STORED DATA below:

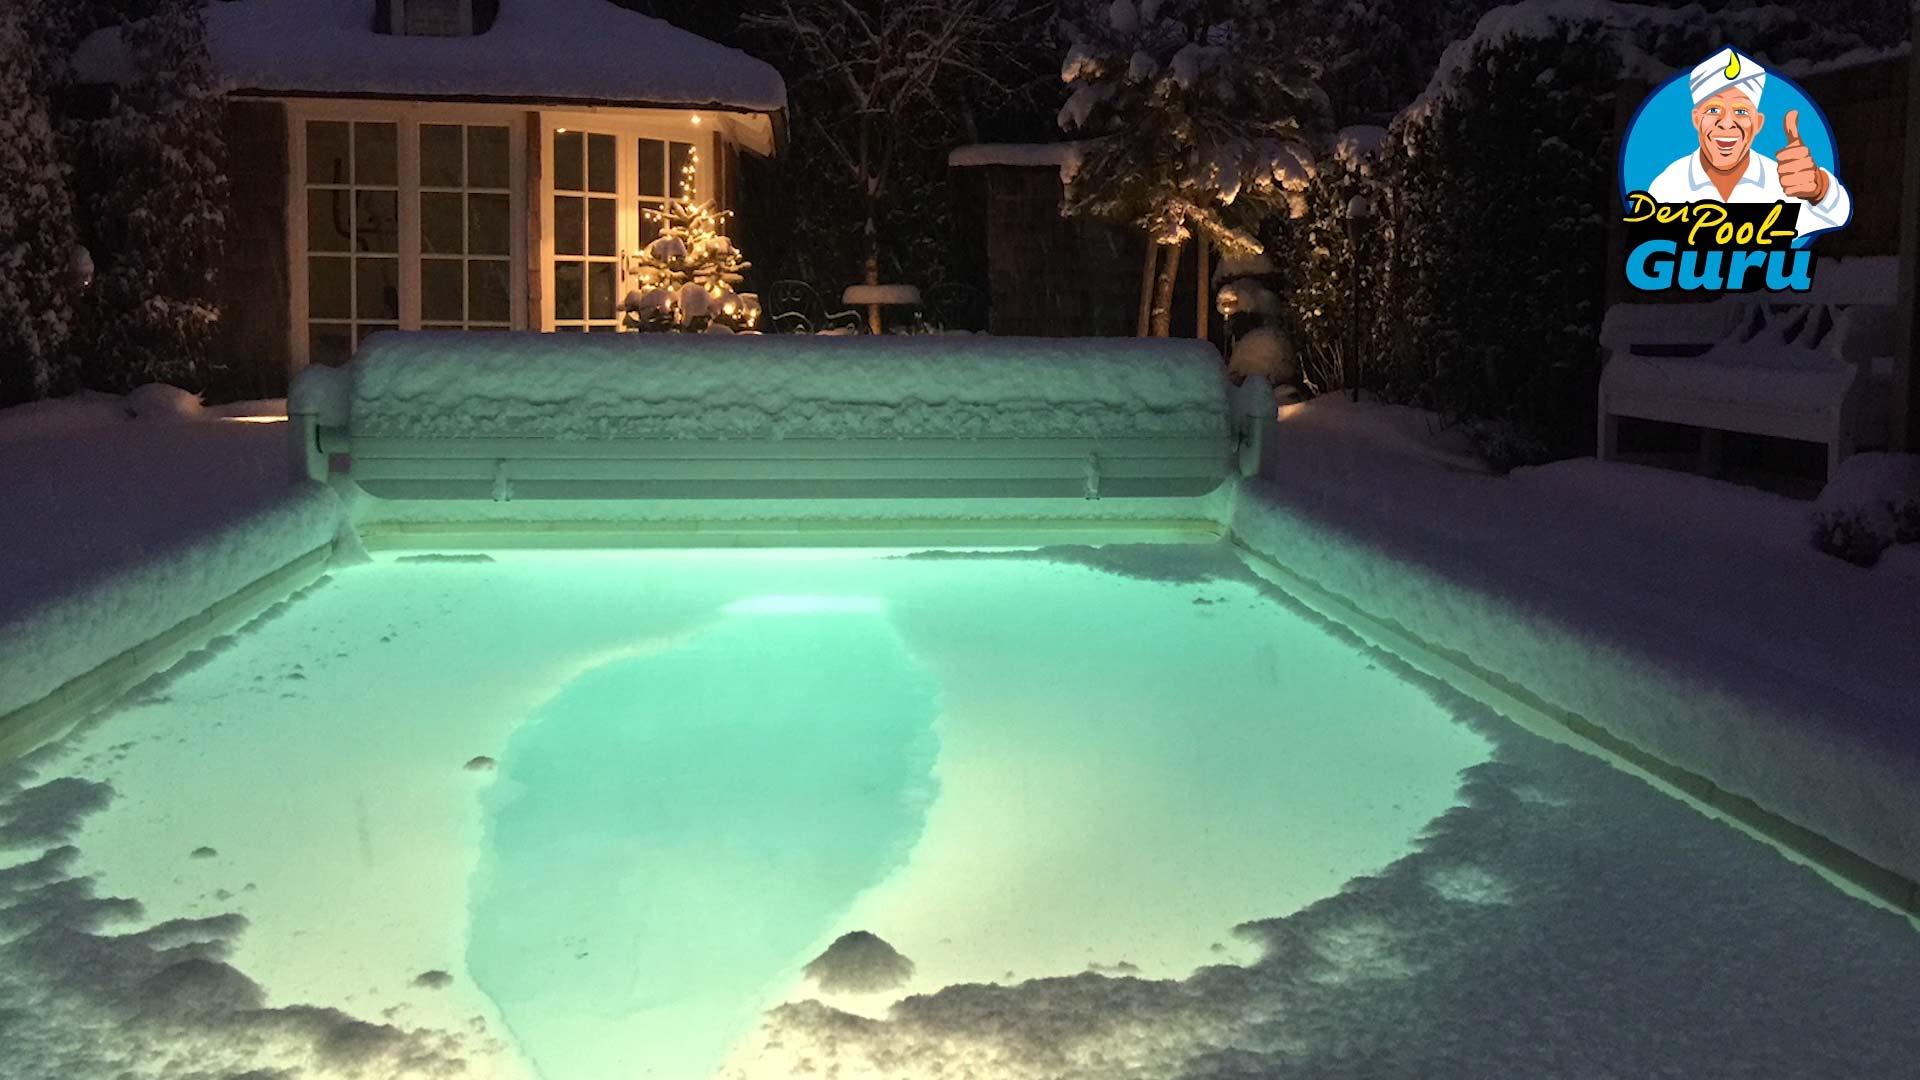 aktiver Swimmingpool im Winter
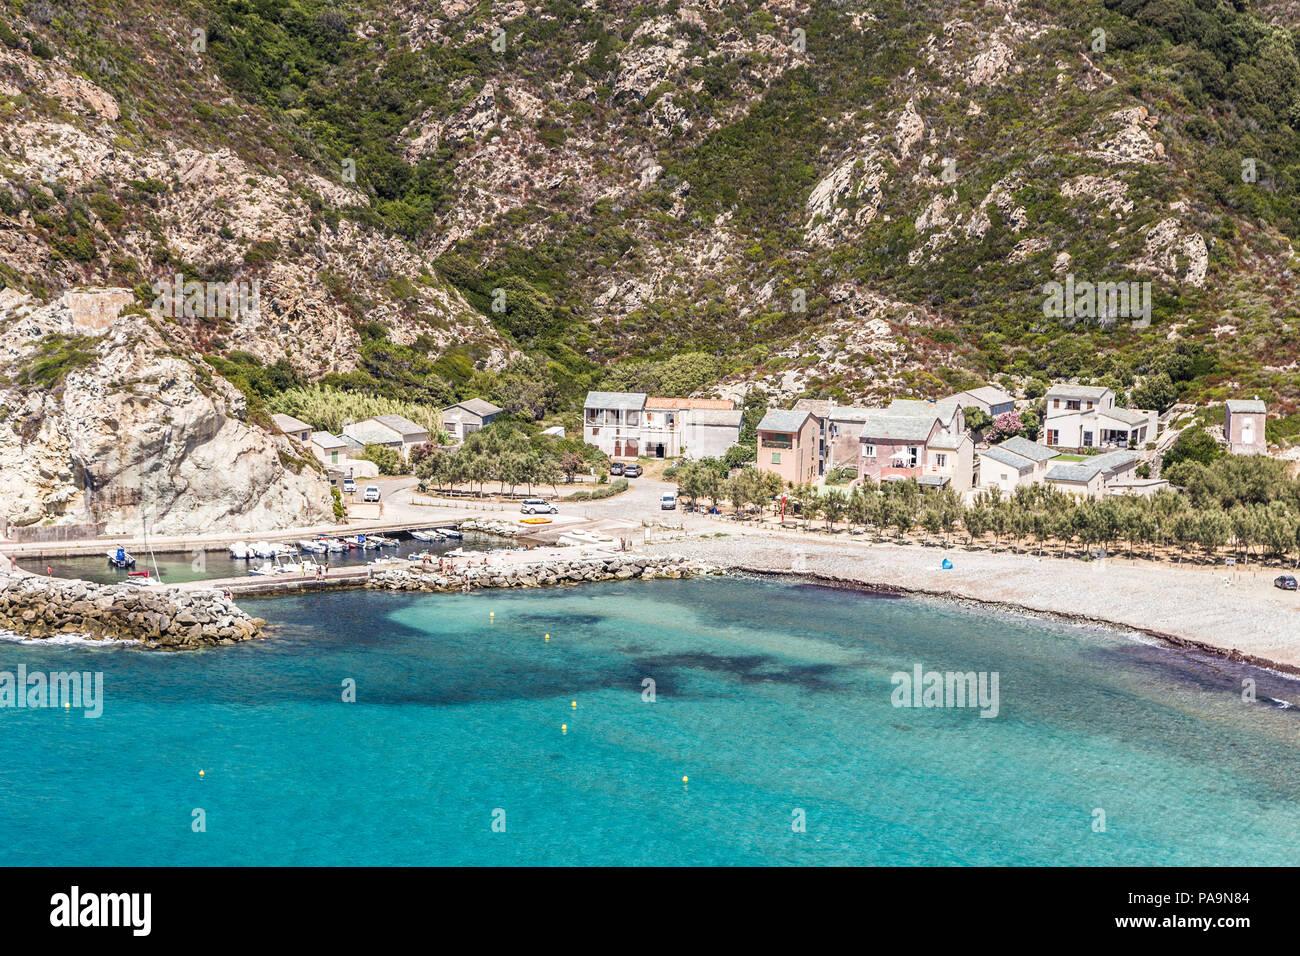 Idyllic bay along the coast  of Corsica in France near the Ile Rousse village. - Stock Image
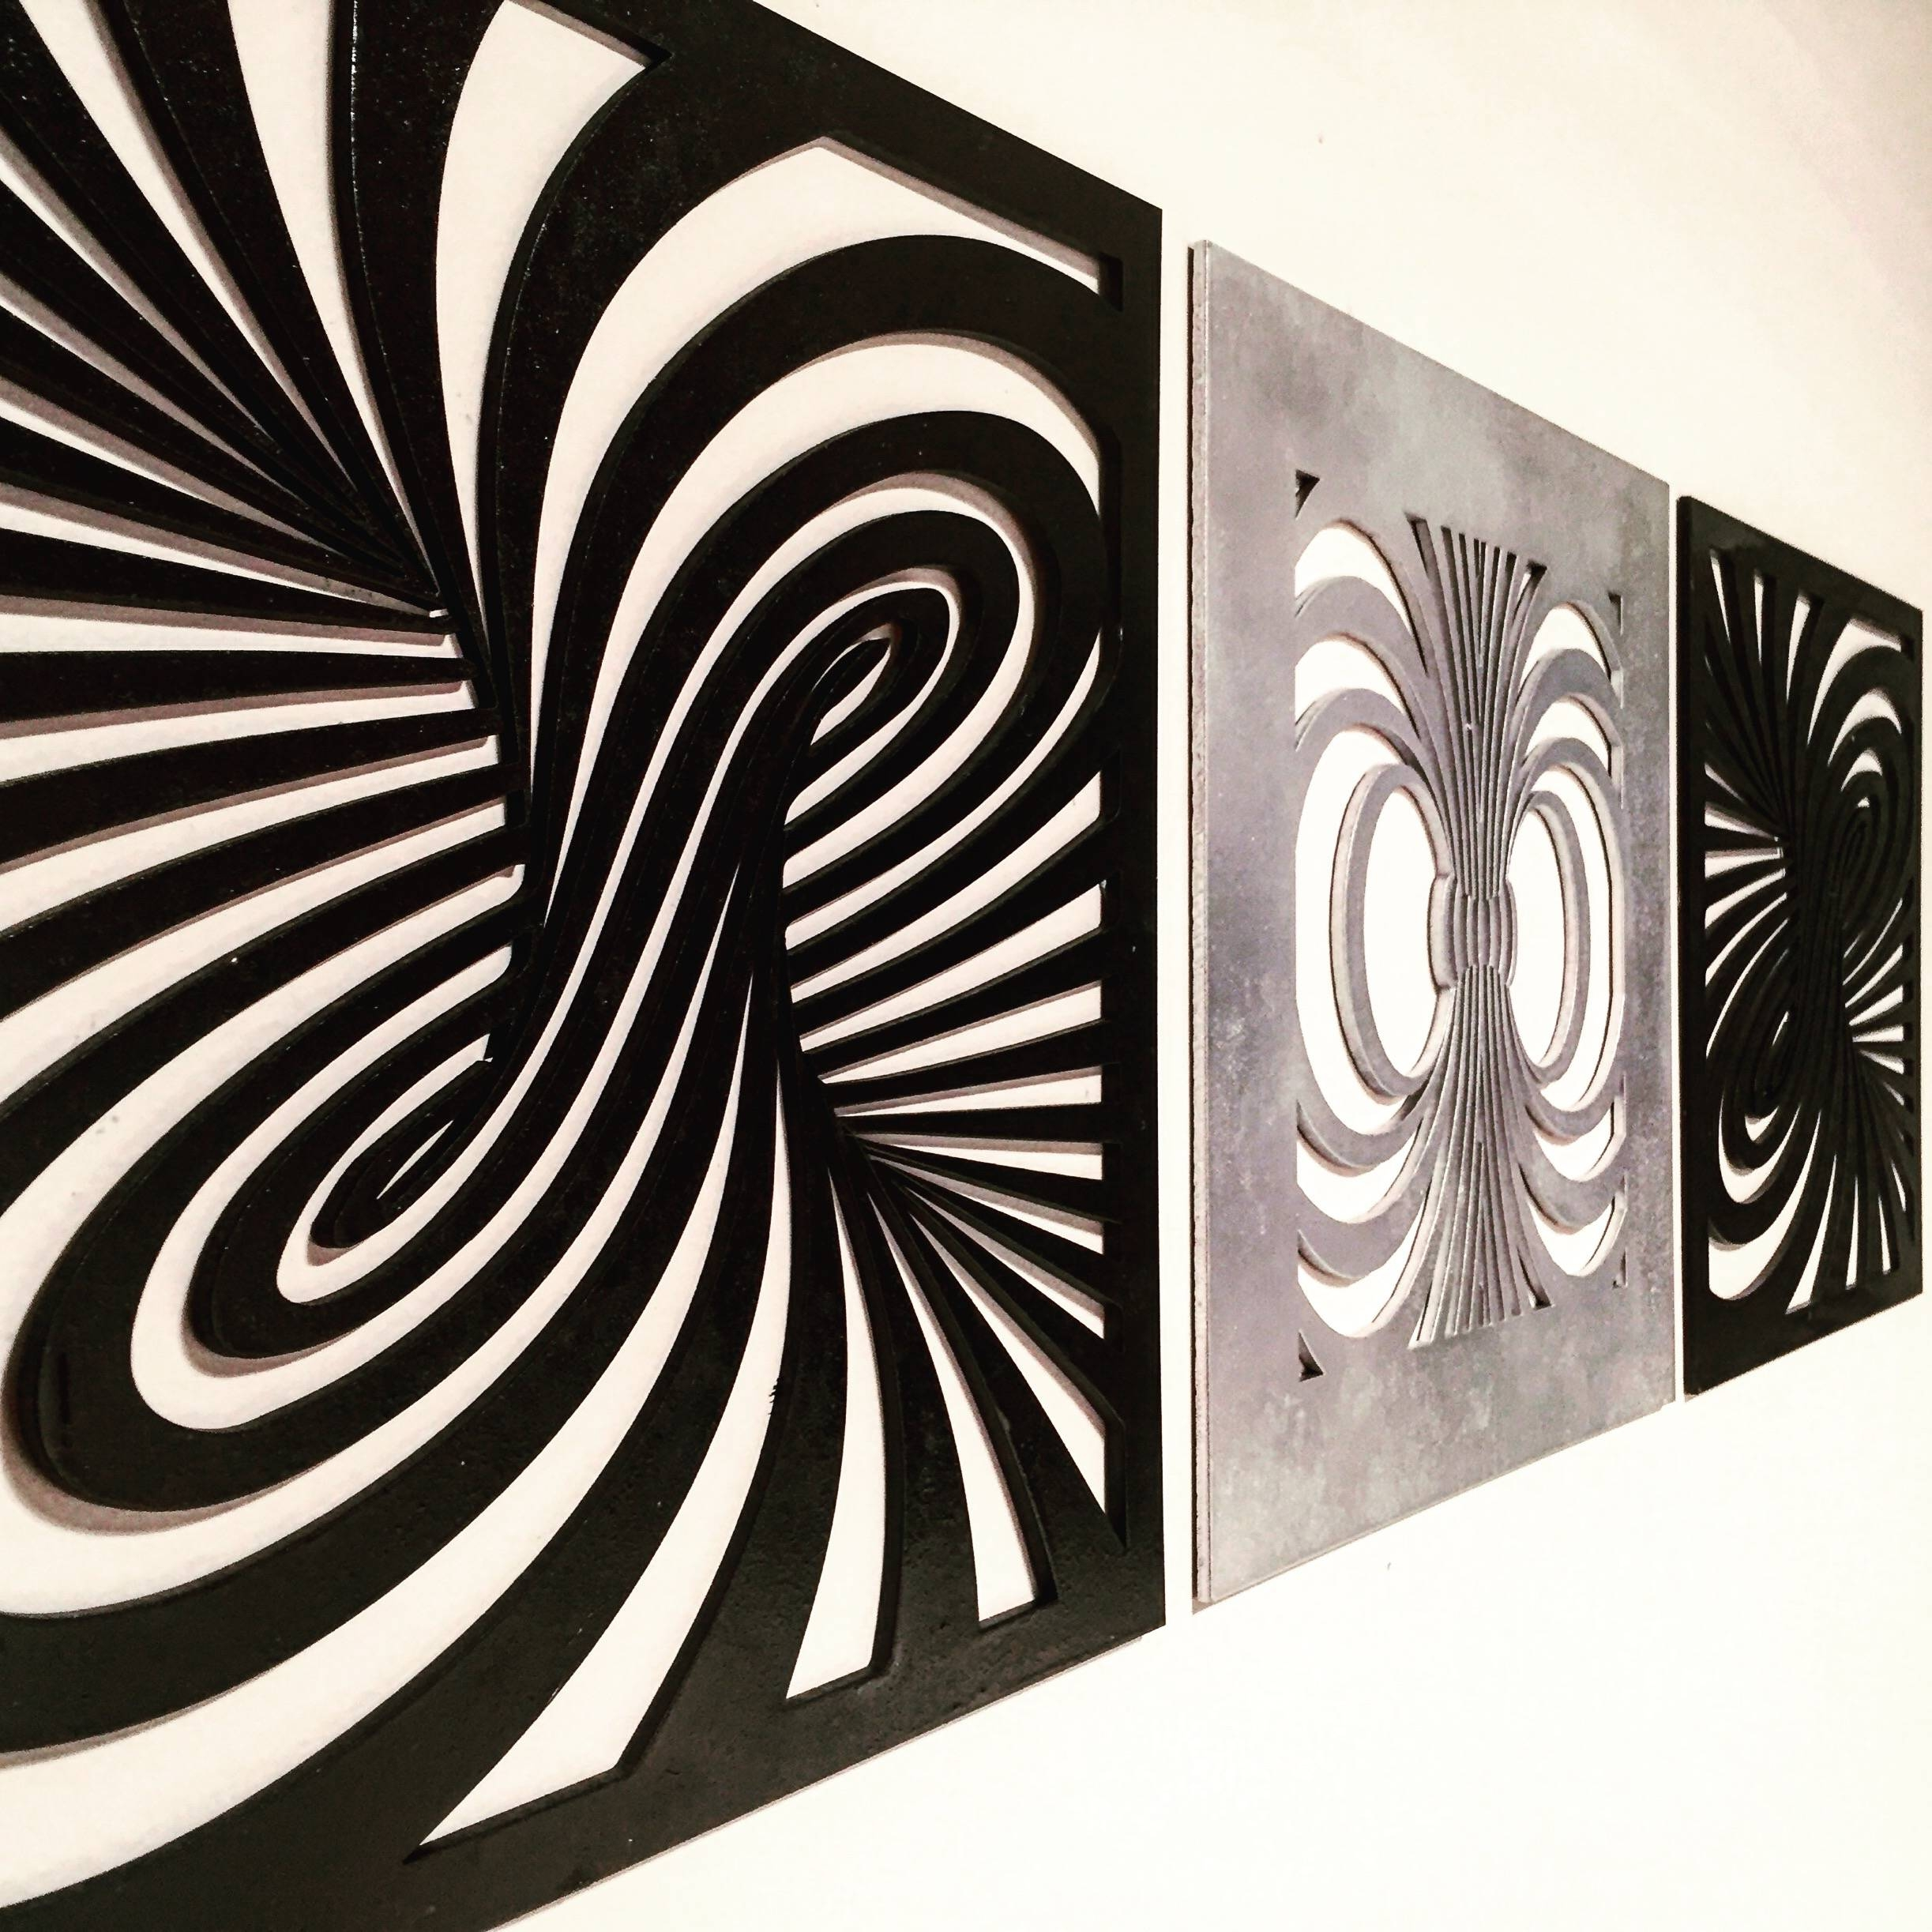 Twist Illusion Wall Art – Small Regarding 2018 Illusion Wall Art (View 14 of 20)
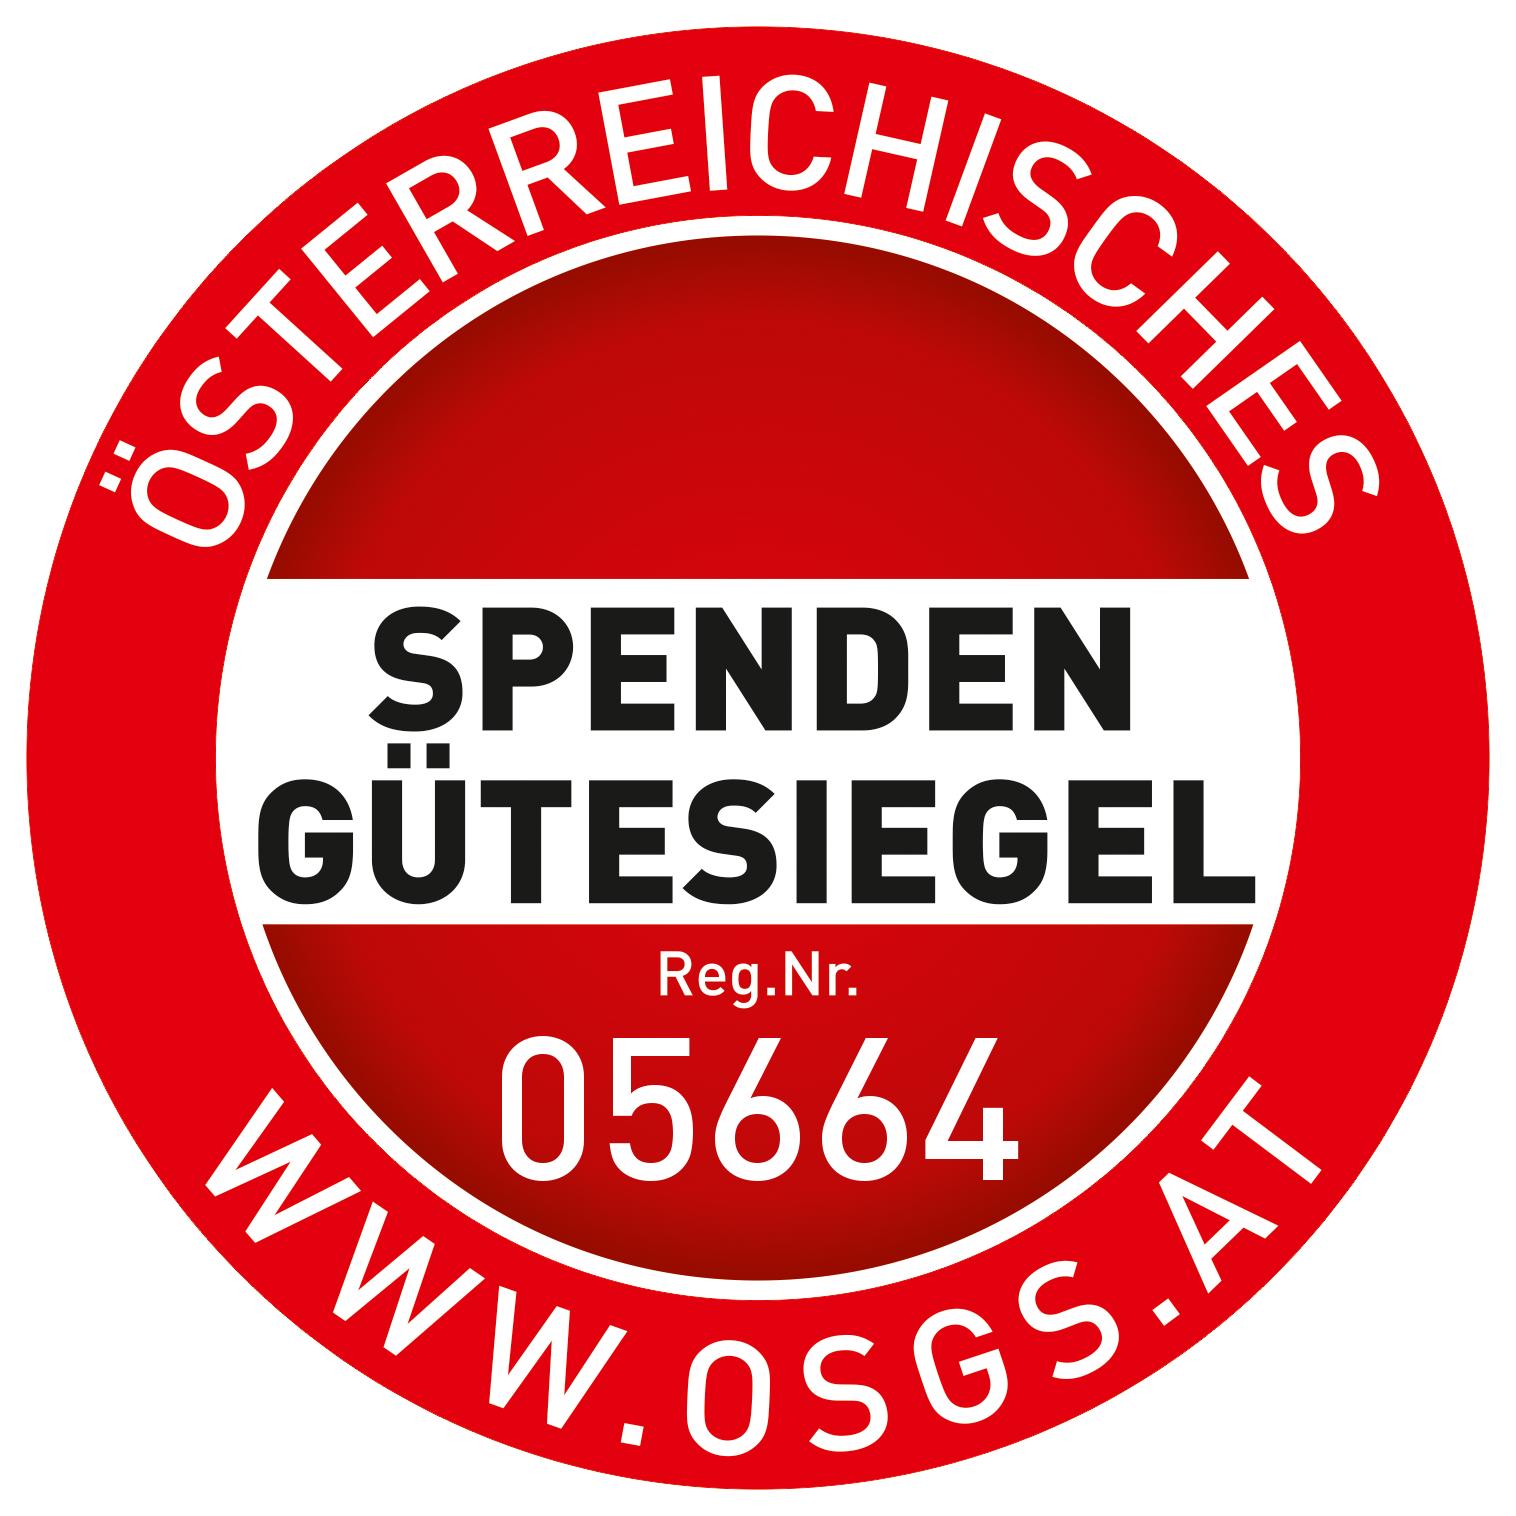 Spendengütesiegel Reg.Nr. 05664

End of STORED DATA.

**PROBLEM DESCRIPTION:**
What is needed is an exact transcription of the lines from the one holding "Idyllic bay along" to the end of the data, with every picture left out.

**YOUR RESPONSE:**
 Idyllic bay along the coast  of Corsica in France near the Ile Rousse village. - Stock Image
 Twist Illusion Wall Art – Small Regarding 2018 Illusion Wall Art (View 14 of 20)
 Spendengütesiegel Reg.Nr. 05664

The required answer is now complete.